The immense training undergone by the Hero of the Hudson pilot offers valuable lessons for the NHS on preparation, writes Lord Ara Darzi
When US pilot Captain Chesley Sullenberger made his now famous emergency landing in New York’s Hudson river in 2009, saving the lives of the 155 passengers on board the aircraft, he attributed his feat to the hundreds of hours he had spent in training and on simulators preparing for emergencies.
“Even though we had never trained for this [emergency], because I had such a well defined paradigm in my mind about how to solve any aviation emergency, I was able to impose that paradigm on this situation and turn it into a problem that I could solve,” he later said.
The 64-year-old pilot, who now uses his expertise and new-found celebrity to champion patient safety in healthcare, has described the critical skills of team communication, simulation-based training and documented checklists that helped bring the plane down safely that day after a flock of birds was sucked into the engines, causing both to fail.
Anxious minutes
Preparing for the unexpected is a key part of making surgery safer. But it is rarely enough. Sonal Arora, an academic clinical lecturer at St Mary’s Hospital, London and author of numerous studies on patient safety, described her own “Hudson river” moment.
“As a junior doctor I learnt how to take a patient’s appendix out, doing a planned operation at two o’clock in the afternoon when there were colleagues around who could help if anything went wrong. But the next time I did it on my own it was two o’clock in the morning. There was no one around and the patient started to bleed. What do you do?”
The answer was: convert the keyhole procedure to an open operation so that she could see what was going on. That is what she eventually did - but not before a few anxious minutes had elapsed.
Though a vital element in a surgeon’s training, this is a scenario that cannot be practised on a patient, for obvious reasons. It can be practised, however, on a simulator – a robot patient programmed to respond to medical interventions in ways that test trainee doctors’ skills.
Non-technical risks
St Mary’s, where I work, was the first hospital to establish a simulated operating theatre and the model is now being rolled out to other hospitals and has been adopted by the Royal College of Surgeons.
But while most use it to teach doctors how to operate - in the US surgeons must demonstrate their skills on a simulator by passing a “driving test” before they are let loose on patients - here at St Mary’s we have found simulators are even more valuable in teaching non-technical skills: communication, teamwork, leadership and decision making.
A key factor in the successful outcome of the Hudson landing was the seamless way in which Captain Sullenberger worked with his co-pilot and the rest of the crew in the three minutes they had to bring the plane down safely.
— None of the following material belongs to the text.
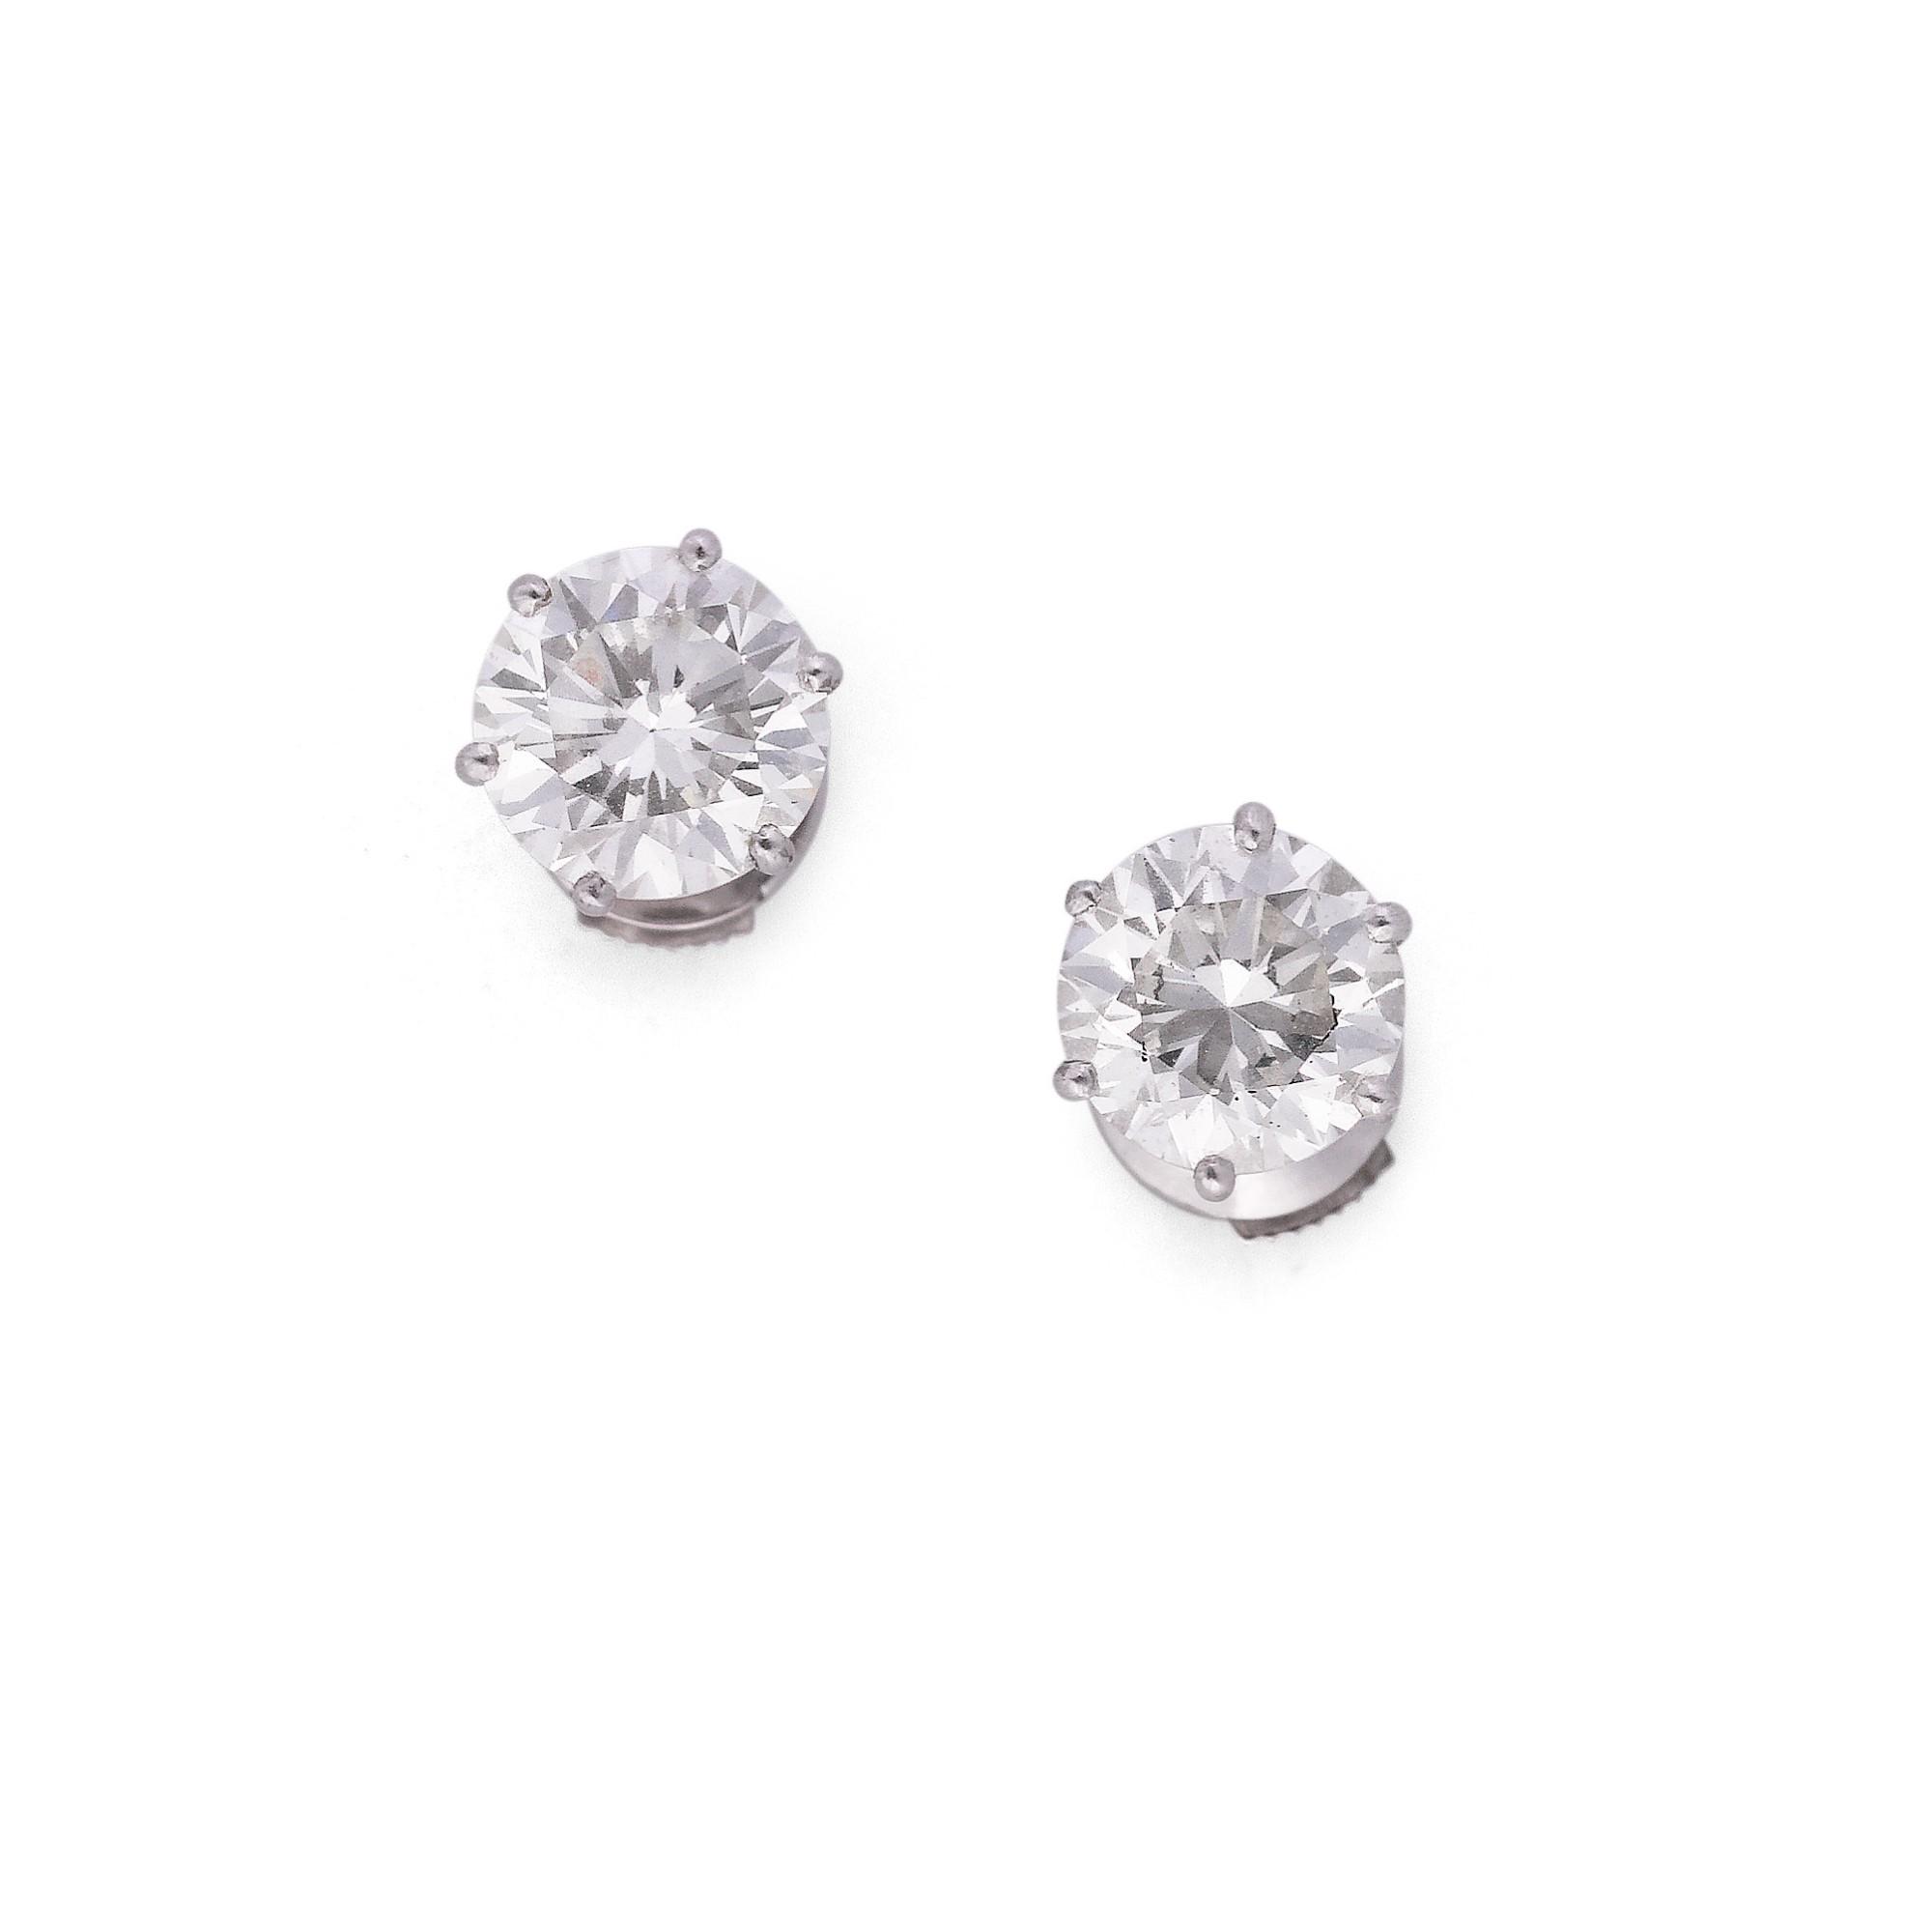 Pair of diamond earrings [Paire de boucles d'oreille diamants]

As in aviation, so in medicine. In the operating theatre, when things go wrong it is more often the non-technical aspects - a nurse who didn’t hear a request for extra blood, poor leadership, a mix-up over a drug or a wrongly identified patient - that turn out to be the cause of the catastrophe rather than the competence of the surgeon.
“A decade ago, a “never” event was met with a demand that the person responsible be identified and blamed. Now there is a wider recognition that the way to reduce errors is to tackle the system failures”
In 2014, a London wide review found there were 23 “never events” in hospitals in the capital – errors that should never happen, such as surgery carried out on the wrong patient. Most were attributable to basic failures in communication, teamwork and decision making. These are vital principles of patient safety, yet they are not often formally taught in medical school.
But things are changing. A decade ago, a “never” event was met with a demand that the person responsible be identified and blamed. Now there is a wider recognition that the way to reduce errors is to tackle the system failures that underlie them. The cry is no longer “who is to blame? but “why did it happen?” And most importantly “how can we make sure we learn from this so it never happens again?” This reflects the wider switch in focus in the NHS from quantity to quality – instead of “let’s squeeze in one more case,” the new imperative is “let’s do it better”.
Healed and unharmed
In North West London, hospitals have begun closing their operating theatres to routine cases for a day to free staff to attend patient safety training. The programme includes private hospitals, which suffer a significant loss of revenue as a result. The better prepared surgeons and their teams are for their “Hudson moment” - in the NHS and private sectors - the more likely their patients are to come through healed and unharmed.
Lord Darzi is a surgeon and director of the Institute of Global Health Innovation at Imperial College London. He was a Labour health minister from 2007-09.